We did not run this scan to find vulnerabilities. Microsoft has a dedicated security team, an active bug bounty, and at least four other static-analysis tools running in CI. We ran it to test what ArgosBrain is actually for: separating "scary candidates" from "actually reachable from untrusted input" at industrial scale, in seconds, for cents.
The corpus
Numbers, all reproducible by ingesting the same commit:
- github.com/microsoft/vscode @
1fa1b7af5c190606cdd5e8fe5e5f1ca4fad47e00(main, 2026-04-25) - ~12,000 source files (TypeScript dominant, with CSS, Rust in
cli/, JS in renderer prelude) - 151,620 symbols ingested into the brain
- 25 sink categories scanned in this pass: SSRF, XSS, SQLi, RCE, command injection, path traversal, deserialisation, XXE, LDAP, open redirect, buffer overflow, regex DoS, timing attack, crypto IV reuse, weak crypto, hardcoded secret, cloud API key, private key block, prototype pollution, TLS verification disabled, insecure random, unsafe Rust, CORS wildcard, cookie insecure, JWT none
The result, in one chart
The "high" bucket comes from heuristic exploit-score signals (caller fanout, argument shape) without a proven untrusted source. The reachability pass then walks the call graph from each sink up to depth 8, looking for tainted source markers (HTTP handler input, CLI args, file content, env var read). Of the ~340 sinks scanned across all categories with hits, zero were structurally reachable from such a source within depth 8.
Where the 156 "high" came from (the noise breakdown)
The honest part of running a security tool is showing the false-positive profile. Almost none of these 156 are actionable. The triage report classified them at the time of scan:
| Category | High | Why "high" but not actionable |
|---|---|---|
| Insecure random | 58 | Math.random() in tests, animations, sampling — not used for tokens, sessions, or keys |
| SSRF | 42 | fetch() with hardcoded service endpoints, mostly in proprietary Copilot extension (disclosed privately to MSRC, see below) |
| XSS | 19 | .innerHTML in trusted-source renderers (notebook cell output, ghost-text). Includes a hit on the bundled dompurify.js file itself — the sanitiser, not a sink |
| Cloud API key | 16 | Mailgun-style key- prefix matched non-secret identifiers (secretStorageKeyPath, settings keys, charCode enums). The ghp_…, AKIA…, sk-ant-… hits were all in secretFilter.spec.ts — intentional fixtures for the secret-redaction filter test |
| Unsafe Rust | 16 | All in cli/src/ — Win32 API bindings, glibc version probe, file metadata. unsafe is required for FFI, and each block has a SAFETY: comment |
| Prototype pollution | 2 | __proto__ references in config merge() and debug glue — likely guards rather than write paths |
| TLS verification disabled | 1 | rejectUnauthorized: false in a proxy debug helper (Copilot extension) |
| Hardcoded secret | 1 | accessToken: 'gho_mock_e2e_test_token_…' in an end-to-end mock auth fixture, explicitly named e2e-mock |
| Weak crypto | 1 | MD5/SHA1 in an external ingest client — almost certainly content-addressing, not auth |
| TOTAL | 156 | 0 confirmed reachable from untrusted input |
The triage value is the second column. A naïve grep -rn 'innerHTML'
surfaces every one of the 19 XSS hits flat, including the sanitiser file.

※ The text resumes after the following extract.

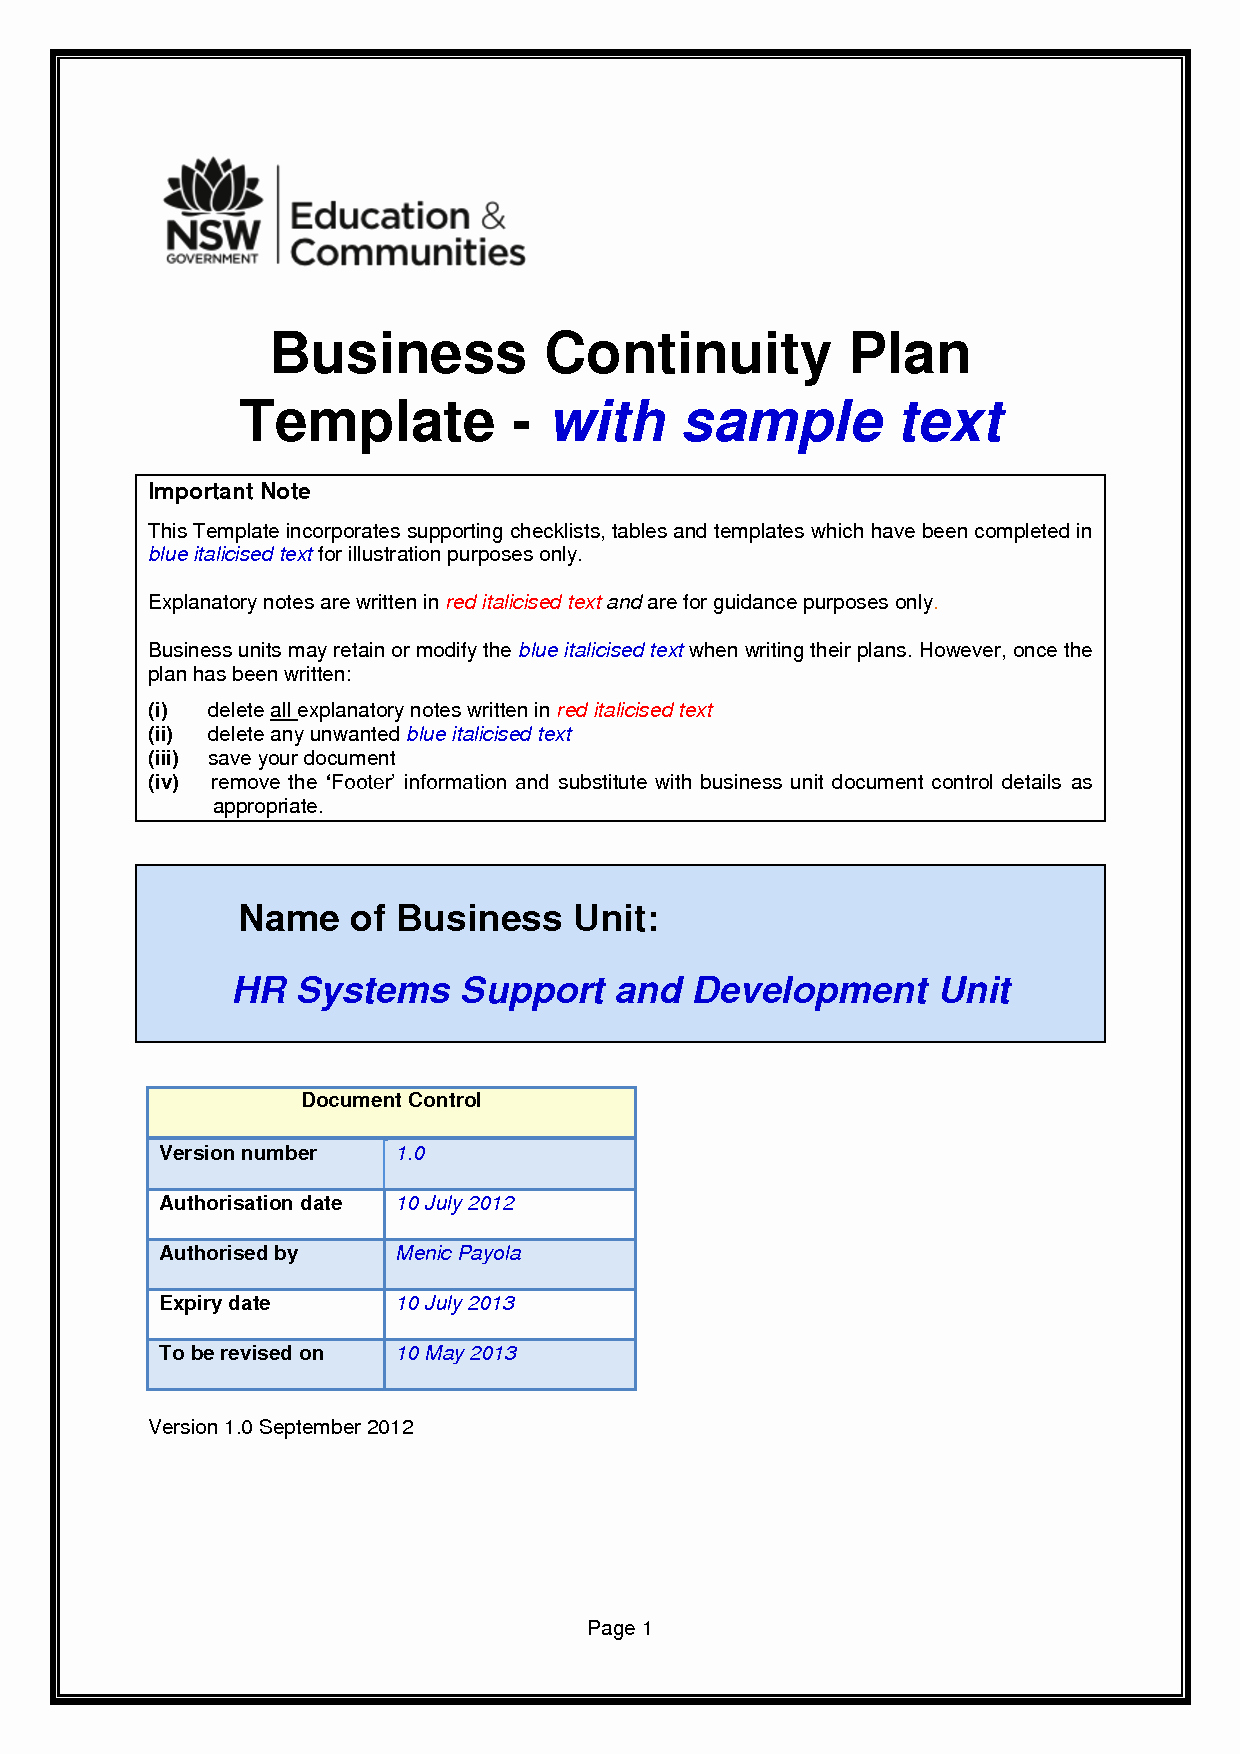 Business Continuity Plan Template New Business Continuity Plan Template

ArgosBrain emits the same finding but adds the structural context that
lets a human (or an agent) say "DOMPurify is a sanitiser callsite, not a
sink — discard". Same for the secret-filter test fixtures and the FFI
unsafe blocks.
The three MIT-core candidates worth a look
Three findings landed in src/ (MIT-licensed VS Code core).

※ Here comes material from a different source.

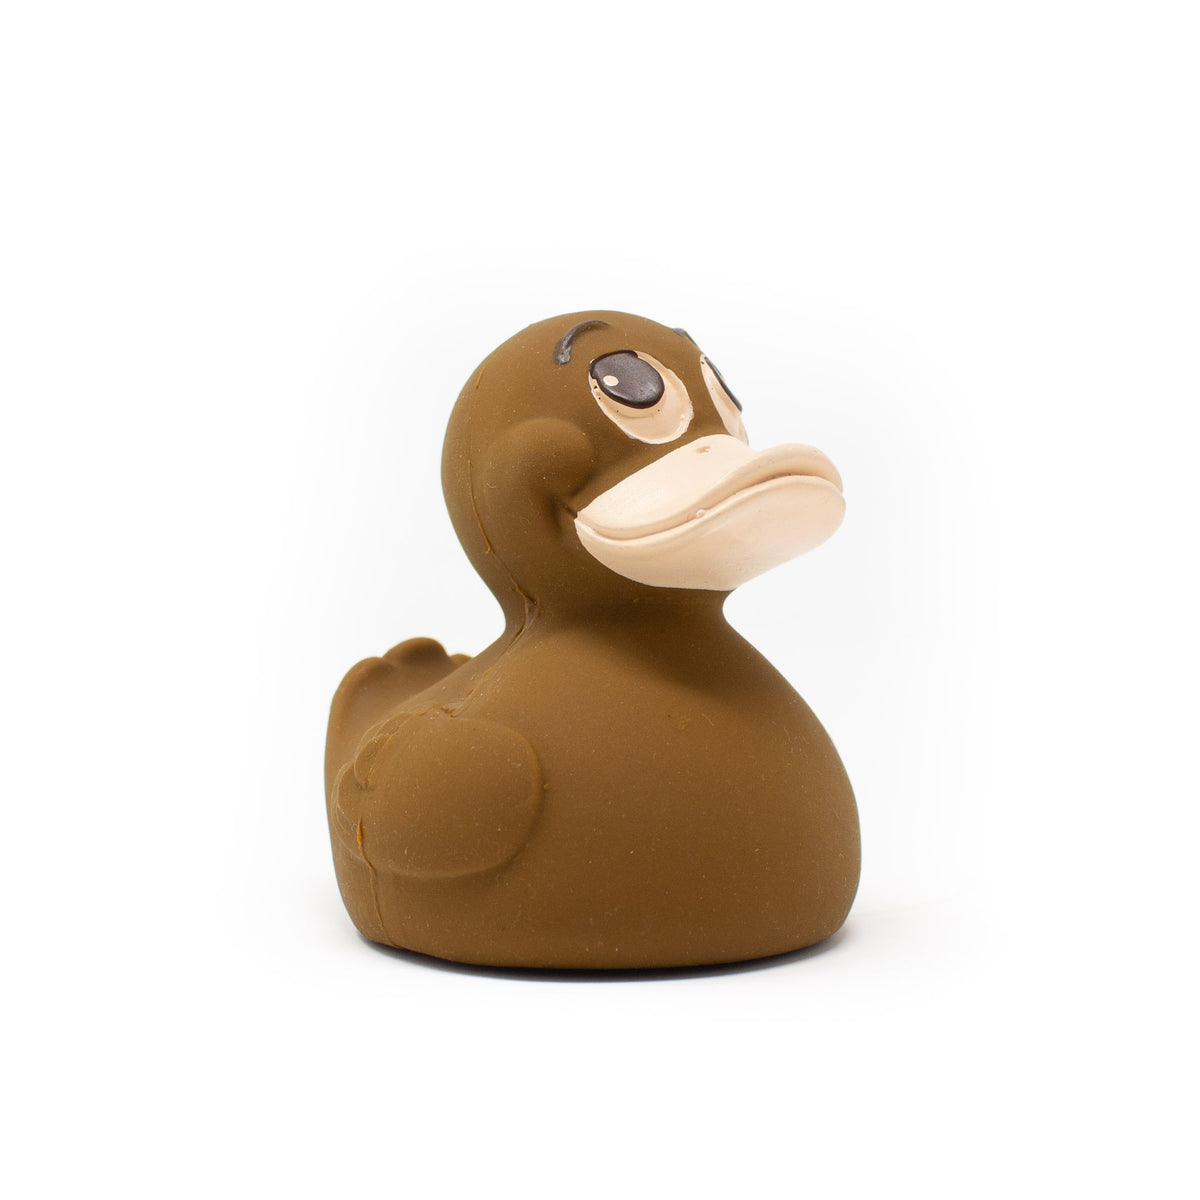 Rubber Duck the Chocolate - Natural Rubber Toys

Reachability says zero of them have an untrusted-source path within
depth 8, but the patterns are interesting enough that we publish them
here for the next person doing a manual review. None of these are
vulnerability claims — they are starting points for a human reviewer
who can confirm taint flow with field-level analysis tools (Semgrep
Pro, CodeQL).
| Pattern | File / range | Why ArgosBrain flagged it |
|---|---|---|
| SSRF candidate | extHostMcp.ts:331-878McpHTTPHandle |
Outbound HTTP wrapper. URL host is parameterised; SSRF risk only if host is user-controllable across a process boundary. Worth verifying the input chain. |
| XSS candidate | webviewPreloads.ts notebook renderer prelude |
3,000+ lines of WebView prelude with multiple .innerHTML sites. Notebook output is normally trusted (kernel-controlled), but the surface is large enough to merit a sanitisation audit. |
| Prototype pollution | configuration.ts:337-351 config merge() |
__proto__ referenced inside a recursive merge. If the function does not reject __proto__ as a key, untrusted JSON config could mutate Object.prototype. Worth a unit test that asserts the guard. |
Each link points at the exact commit so the line numbers stay valid even
as the file evolves on main. Microsoft's CodeQL pipeline almost
certainly already covers these patterns; the value of running ArgosBrain
separately is the speed of triage when an outsider wants a
same-day answer to "is this codebase critically vulnerable?" without
paying for a SAST seat.
What we are not publishing — the responsible-disclosure boundary
Five named high-severity surfaces in the full report were inside
extensions/copilot/* (three SSRF candidates in HTTP API
clients, one TLS-verification-disabled in a logging proxy helper, one
weak-crypto candidate in a workspace-search ingest client). That code
ships with the proprietary GitHub Copilot extension, not with VS Code
OSS — it is Microsoft IP under a separate licence.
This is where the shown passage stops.